Prepare FMU workflow to produce rich metadata

In order to start using fmu-dataio and produce valid metadata for FMU output, some preparations are necessary to your workflow. Expected time consumption is less than an hour.

You will do the following: - Find and enter some key model metadata into global_variables.yml - Include an ERT workflow for establishing case metadata - Include one script for data export

You may also find it helpful to look at the Drogon tutorial project for this. This is in the category “really easy when you know how to do it” so don’t hesitate to ask for help!

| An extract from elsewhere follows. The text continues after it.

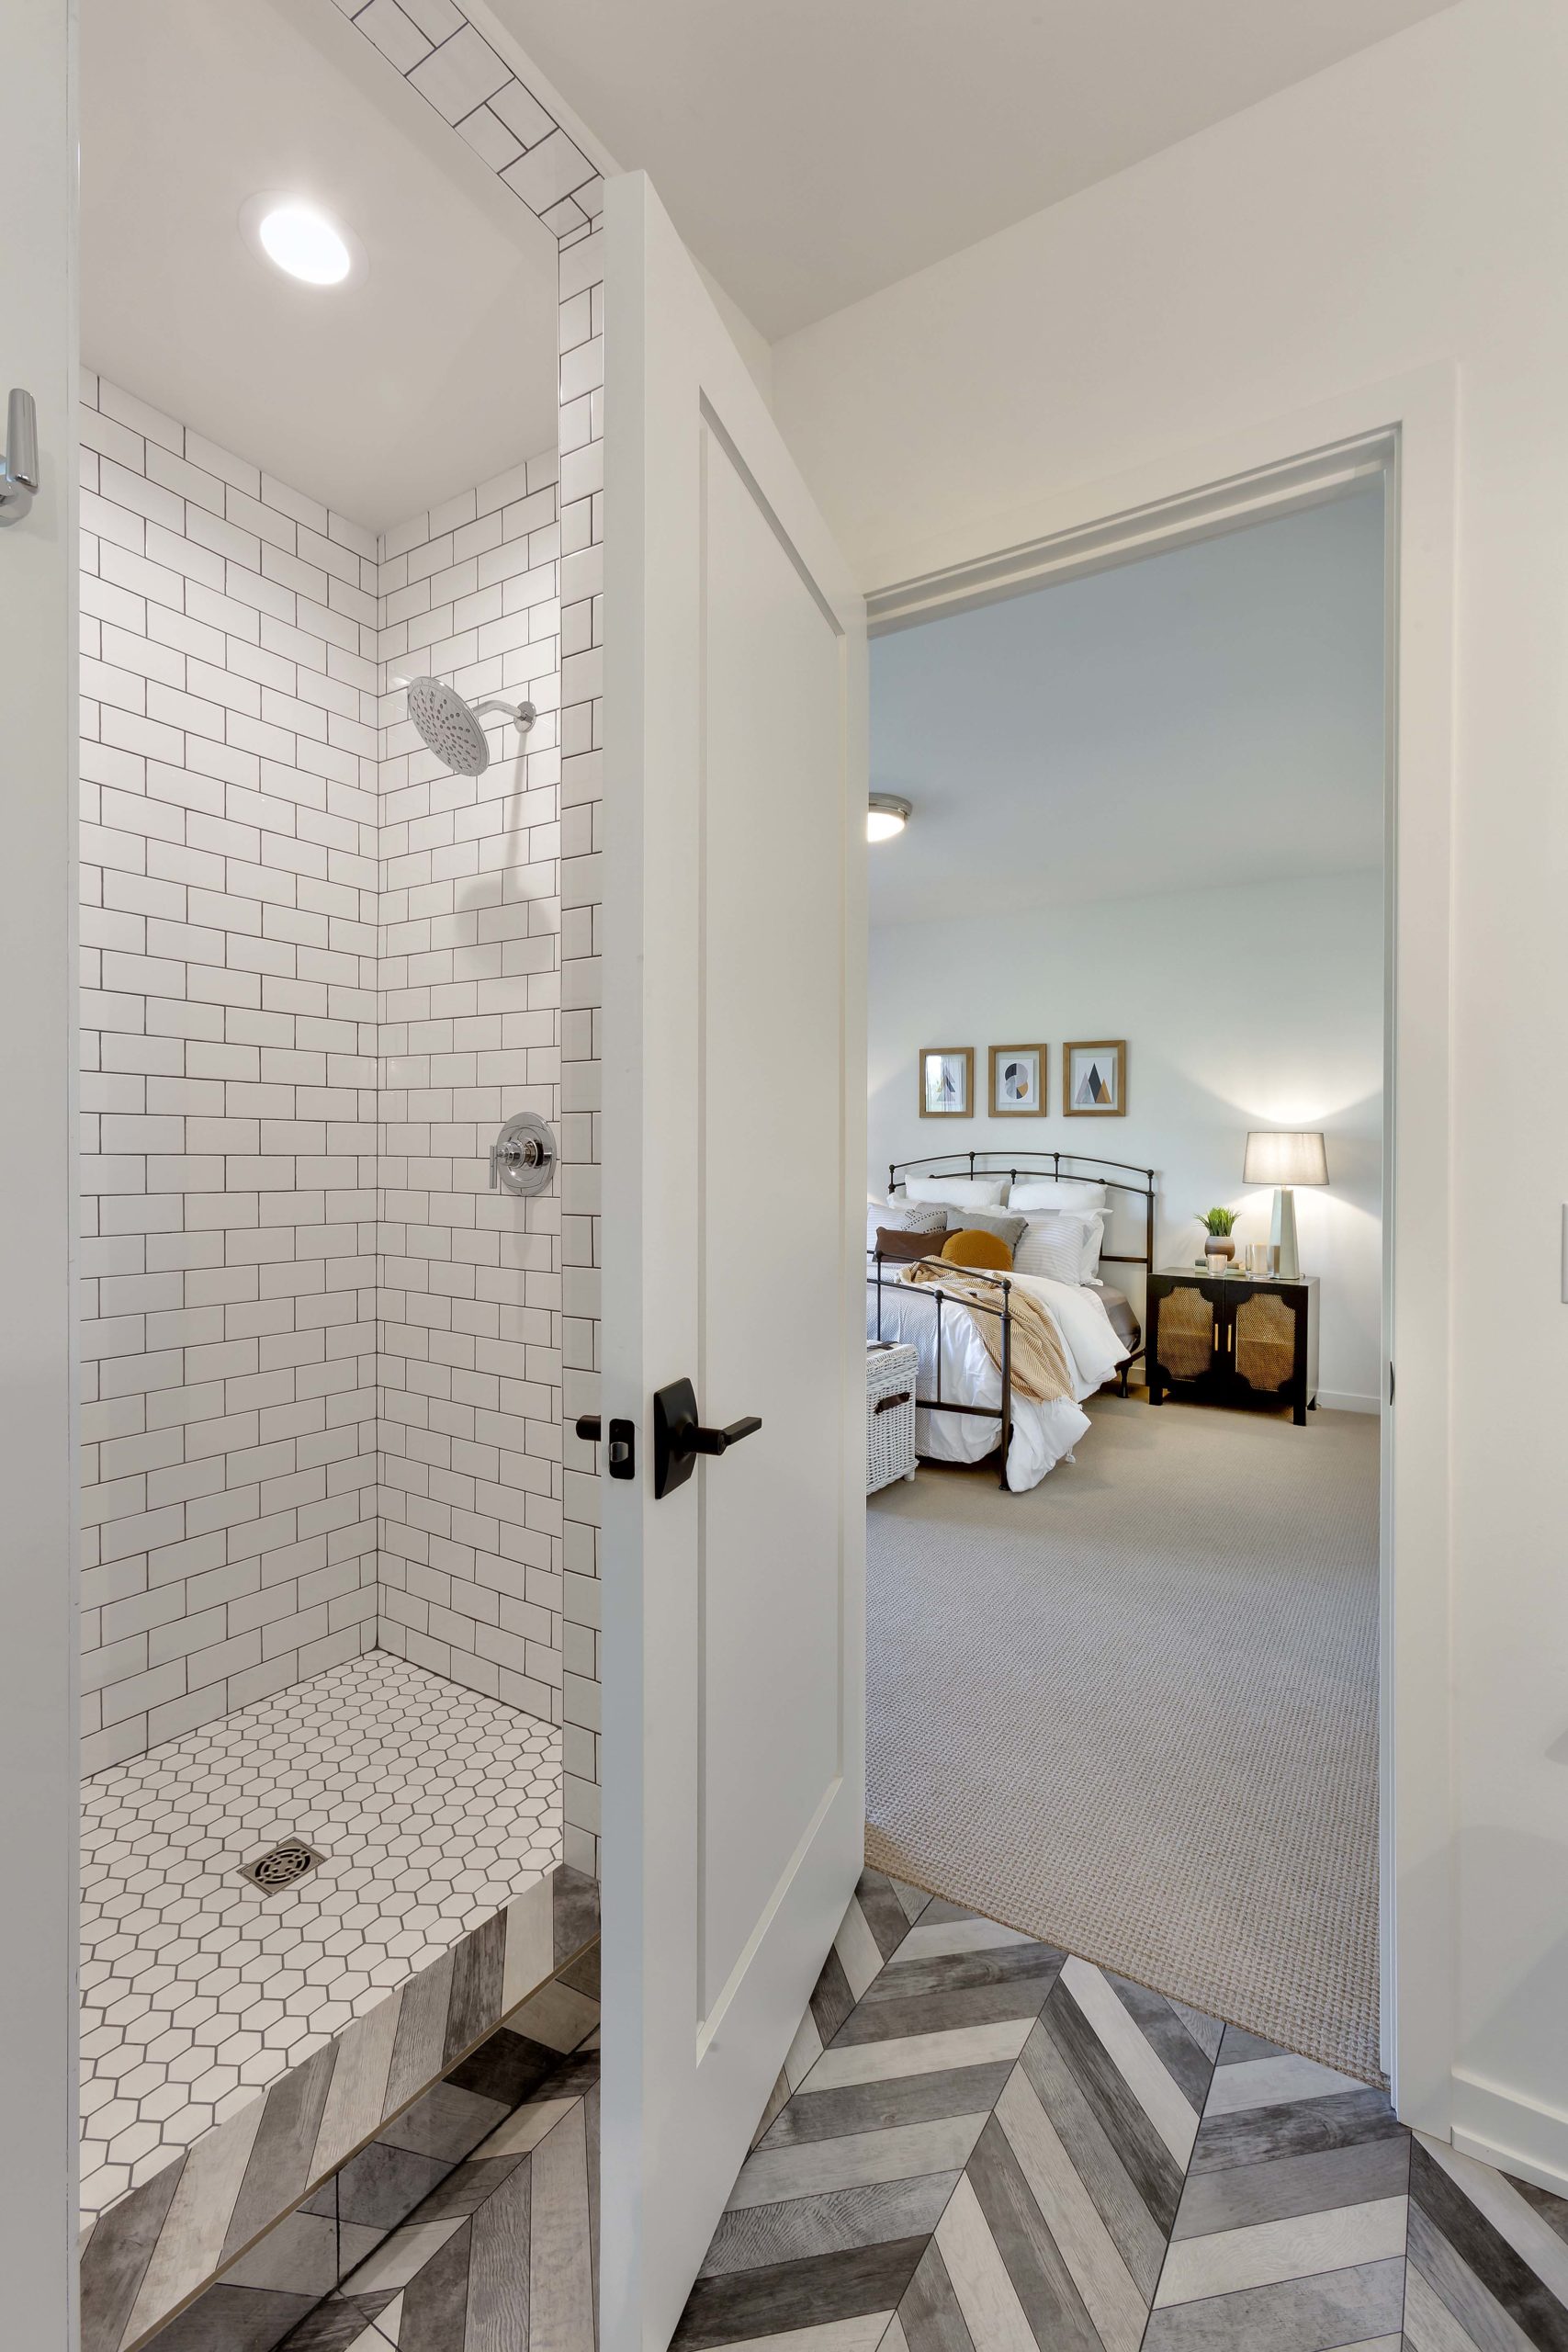 A Reverence farmhouse bathroom in Lakeville, Minnesota featuring a shower and a chevron tile floor.

Insert key model metadata into global_variables.yml

In fmuconfig/input/, create _masterdata.yml. The content of this file shall be references to master data. We get our master data from SMDA, so you need to do some lookups there to find your masterdata references. In the FMU metadata, we currently use 4 master data entries: country, discovery, field, coordinate_system and stratigraphic_column.

Note

Master data are “data about the business entities that provide context for business transactions” (Wikipedia). In other words: Definitions of things that we refer to across processes and entities. E.g. if two software, in two parts of the company, are referring to the same thing, we need to agree on definitions of that specific thing and we need to record those definitions in a way that makes us certain that we are, in fact, referring to the same thing. An example is the country of Norway. Simply saying “Norway” is not enough. We can also refer to Norway as “Norge”, “Noreg”, “Norga”, “Vuodna” or “Nöörje”. So, we define a universally unique identifier for the entity of Norway, and we refer to this instead. And all that various names are properties on this commonly defined entity. These definitions, we store as master data because no single applications shall own this definition.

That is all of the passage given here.